LARRY ROBERTS, PETITIONER,
v.
SAN QUENTIN STATE PRISON, RESPONDENT.



DEATH PENALTY CASE WARDEN, ORDER

On November 8, 2012, the court held a hearing on the parties' discovery motions and conducted a status conference. Assistant Federal Defenders Allison Claire and Brian Abbington as well as attorney Robert Bloom appeared for petitioner. Deputy Attorney General Glenn Pruden appeared for respondent. After considering the parties' briefs and hearing the arguments of counsel and for the reasons set forth below, the court will grant respondent's motion for discovery and will grant in part and deny in part petitioner's motion for discovery.

DISCOVERY MOTIONS

The parties in a habeas proceeding are not entitled to discovery as a matter of course. Bracy v. Gramley, 520 U.S. 899, 904 (1997). Rather, "[a] party shall be entitled to invoke the processes of discovery available under the Federal Rules of Civil Procedure if, and to the extent that, the judge in the exercise of his discretion and for good cause shown grants leave to do so, but not otherwise." Rule 6, Rules Governing § 2254 Cases. Good cause is shown "where specific allegations before the court show reason to believe that the petitioner may, if the facts are fully developed, be able to demonstrate that he is . . . entitled to relief." Bracy, 520 U.S. at 908-09 (quoting Harris v. Nelson, 394 U.S. 286, 300 (1969)). The information sought to be discovered must be relevant to the petitioner's claims because it is "reasonably calculated to lead to the discovery of admissible evidence." Fed. Rule Civ. Proc. 26(b)(1).

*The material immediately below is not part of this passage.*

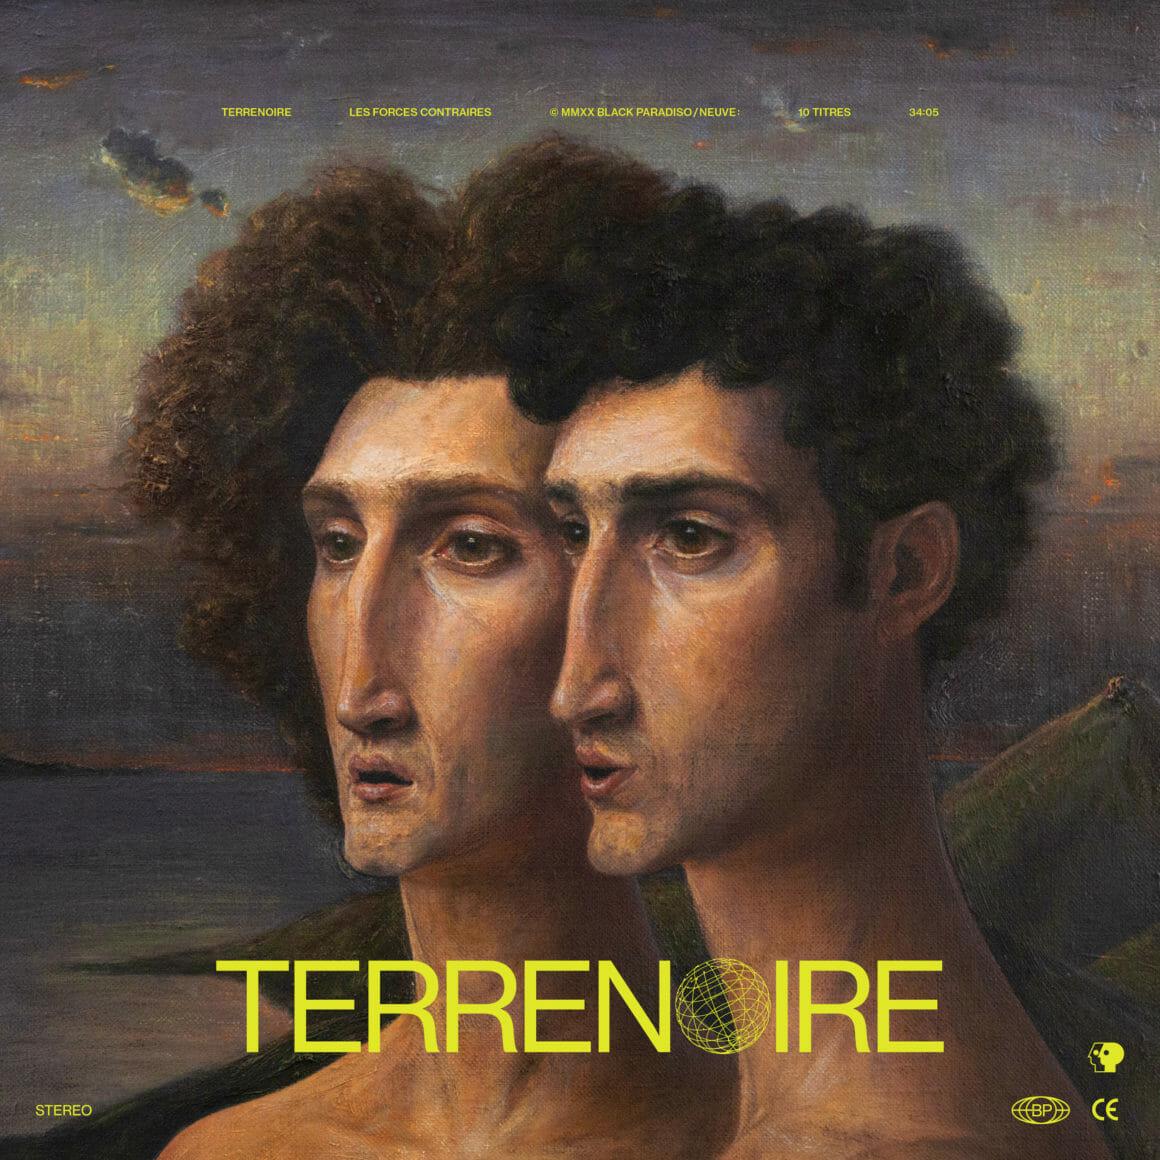 Terrenoire, un album à l'image d'un cadavre-exquis : joyeuse mélancolie. 1

Petitioner does not oppose respondent's discovery motion and the parties have stipulated to issuance of the protective order attached to petitioner's statement in non-opposition to that motion. (Dkt. No. 451-1.) With respect to petitioner's motion for discovery, respondent does not oppose the issuance of subpoenas to seek the identity of the bailiff who served at petitioner's trial. However, respondent opposes petitioner's three remaining discovery requests. Those discovery requests are therefore addressed below.

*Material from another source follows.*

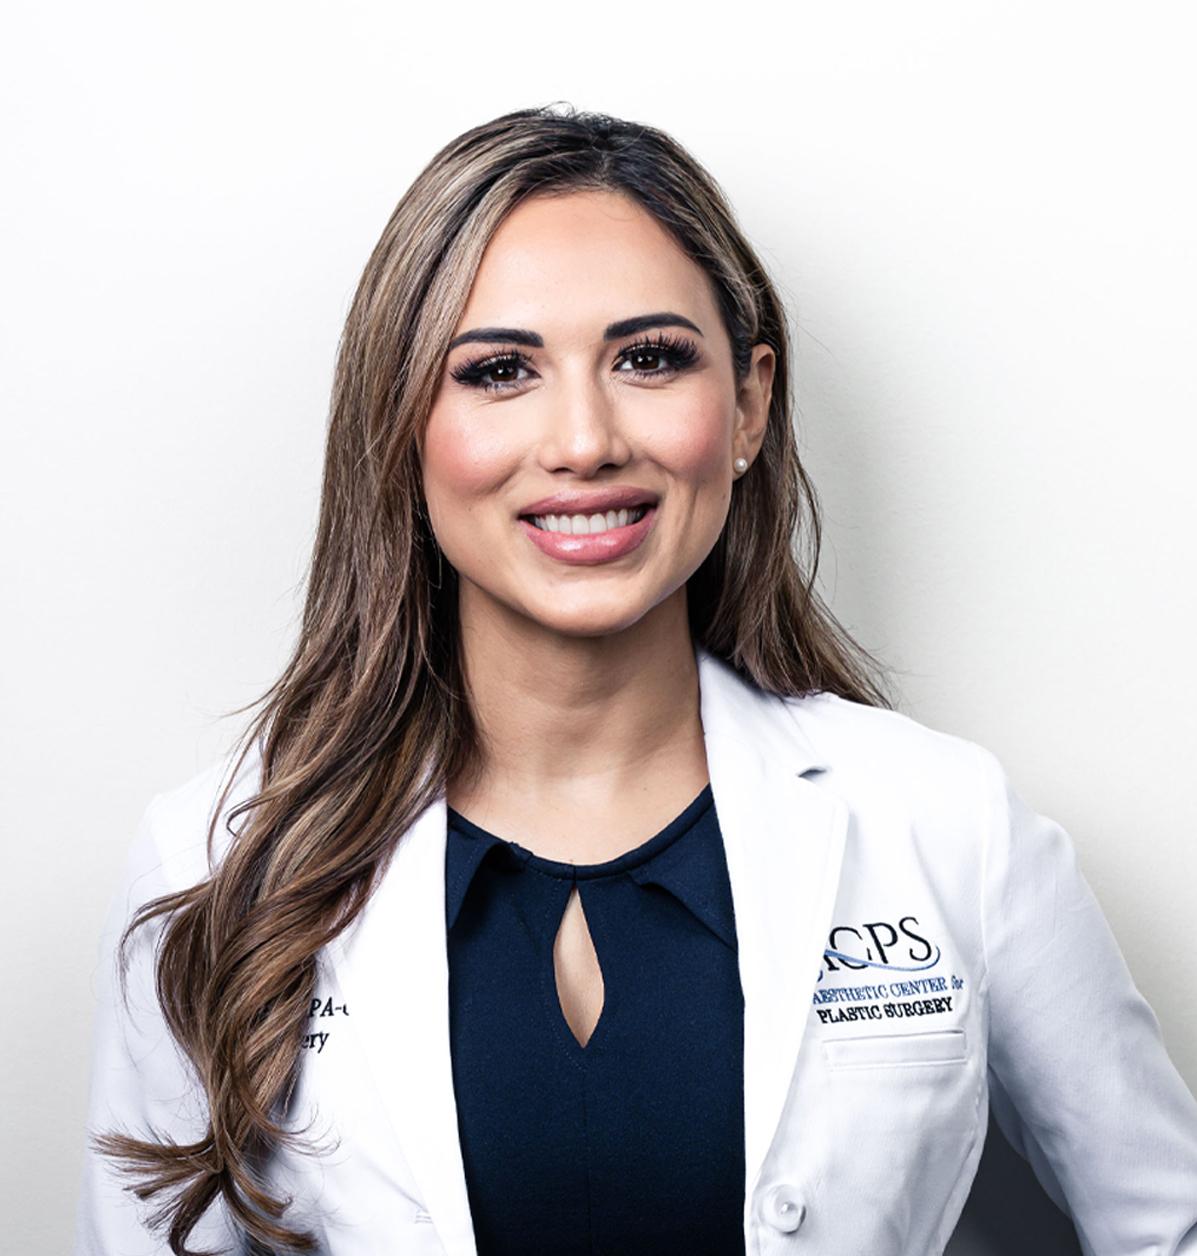 Nadia Hafeez, PA-C

I. Petitioner's Request for Discovery of Acker Materials At the penalty phase, prisoner William Acker testified that petitioner had stabbed him in prison. The undersigned ordered an evidentiary hearing on petitioner's claim that his trial counsel was ineffective in failing to challenge this aggravating evidence at the penalty phase. (Dkt. No. 424 at 125-129.) As petitioner points out, the undersigned also intended to order at that time a hearing on petitioner's claim that the trial prosecutor suppressed evidence regarding witness Acker's mental health, history of lying, and cooperation with authorities in the case of Gonzalez v. Wong, 2:95-CV-02345-JVS (C.D. Cal.).*fn1

The discovery at issue here is petitioner's request for evidence submitted under seal in the Gonzalez case. The Ninth Circuit Court of Appeals remanded that case to the district court for consideration of Brady and Strickland issues. In its opinion (see Dkt. No. 420-1), the Ninth Circuit identified the contents of those records as psychiatric evaluations describing Acker's faked suicide attempts and other manipulative behavior, and a diagnosis of him suffering from schizophrenia.

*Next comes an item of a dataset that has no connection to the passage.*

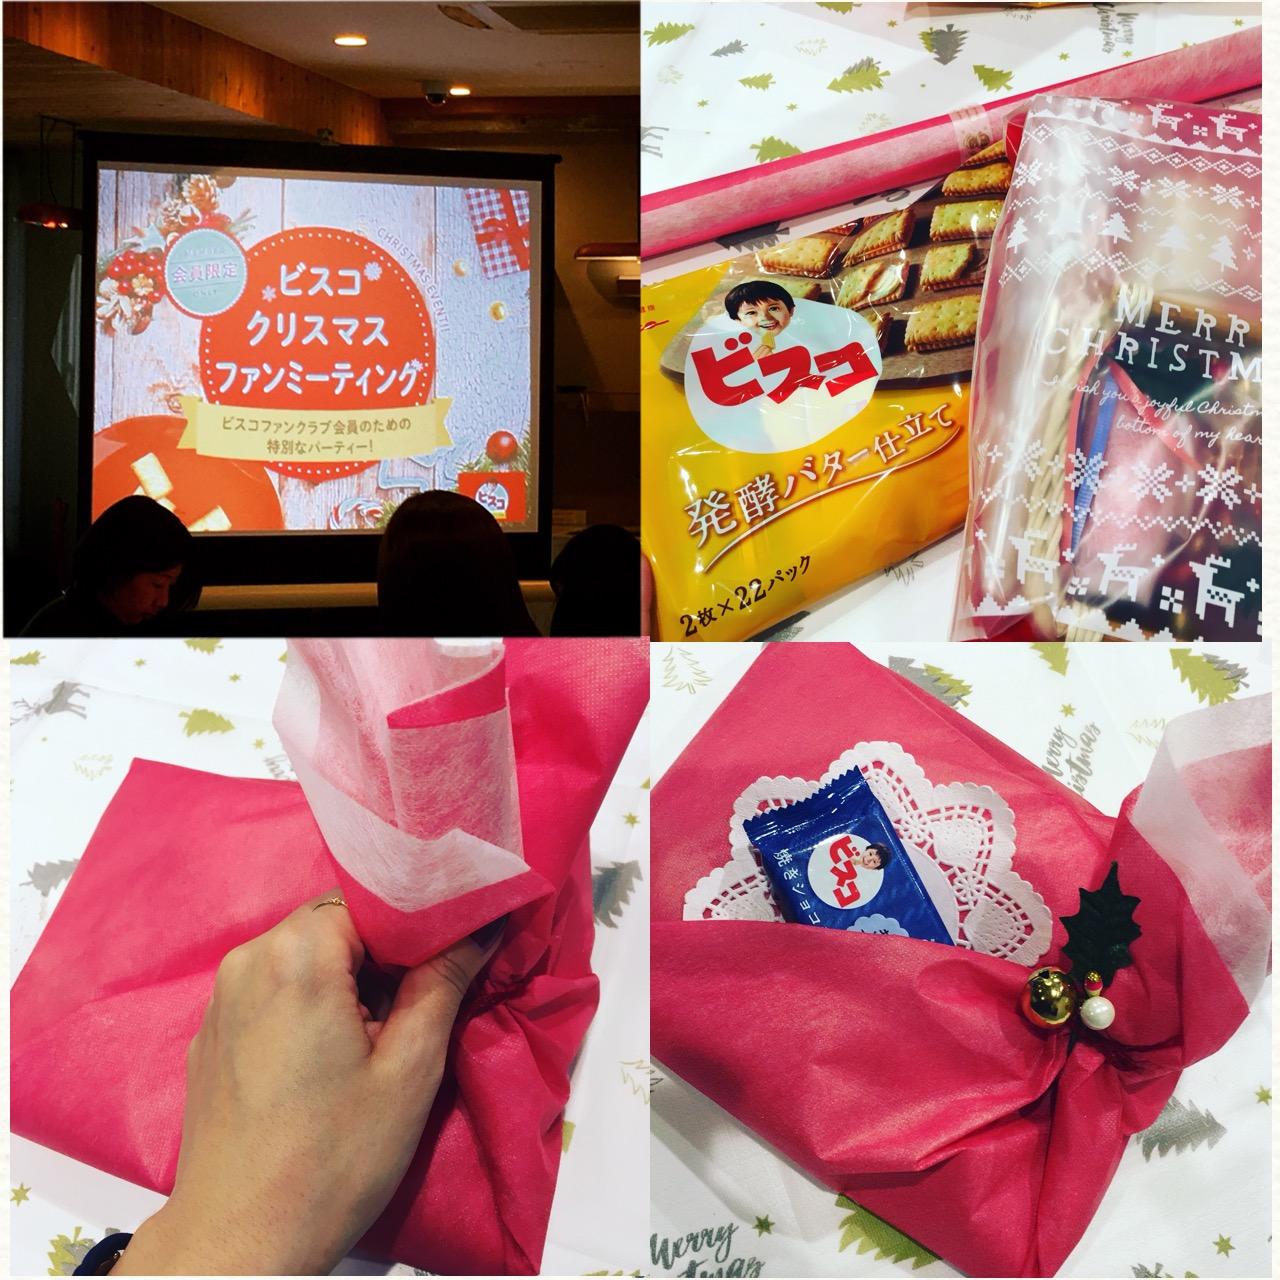 """ビスコLOVERが集まるクローズドイベント!""""ビスコ クリスマスファンミーティング""""に参加してきました♡_2"""

Respondent's primary opposition to petitioner's request for further discovery in this regard is essentially a request for reconsideration of this court's grant of an evidentiary hearing on the issues involving witness Acker. Respondent points out that penalty phase instructions at petitioner's trial show that the jury was required to find unanimously that the stabbing incident allegedly involving Acker occurred in order to consider it an aggravating factor. Petitioner's jury was given a specific verdict form to indicate which incidents of unadjudicated criminal conduct they found unanimously to be true. However, the jury did not indicate it found the incident involving the stabbing of Acker to be true.*fn2 Given the jury's clear indication that they did not consider the evidence that petitioner had stabbed Acker in making their penalty phase determination, petitioner simply cannot show he was prejudiced by any failure of his trial counsel to impeach Acker nor by any suppression of impeaching evidence with respect to Acker by the trial prosecutor.

Petitioner advances several arguments that evidence relating to witness the Acker may nonetheless properly be considered in support of his claims to federal habeas relief. None of those arguments, however, are convincing. First, the language of the jury instruction given at petitioner's trial made clear that the jury was to consider unadjudicated criminal conduct only if it unanimously found that conduct to be true beyond a reasonable doubt. (See RT 10,208:20 -10,211:4.) The instruction also directed the jury to record its findings regarding each instance of unadjudicated criminal conduct on the verdict form provided. (RT 10,209:3-5.) The jury did not mark the allegations regarding the alleged attack on Acker as having been found to be true. (CT 1794.)*fn3 Of course, a jury is presumed to follow the instructions they are given. Weeks v. Angelone, 528 U.S. 225, 234 (2000). Petitioner has not made any showing to overcome that presumption. (See Dkt. No. 455 at 2-4.) This is not a case, like those cited by petitioner, in which although the jury was instructed to disregard evidence, it is "impossib[le] [to] determin[e] whether in fact the jury did or did not ignore" that evidence. See Bruton v. United States, 391 U.S. 123, 136 (1968). Here, the jury was instructed to disregard evidence that it did not unanimously find to be true and the special verdict form reflects that it did not find the challenged evidence to be true.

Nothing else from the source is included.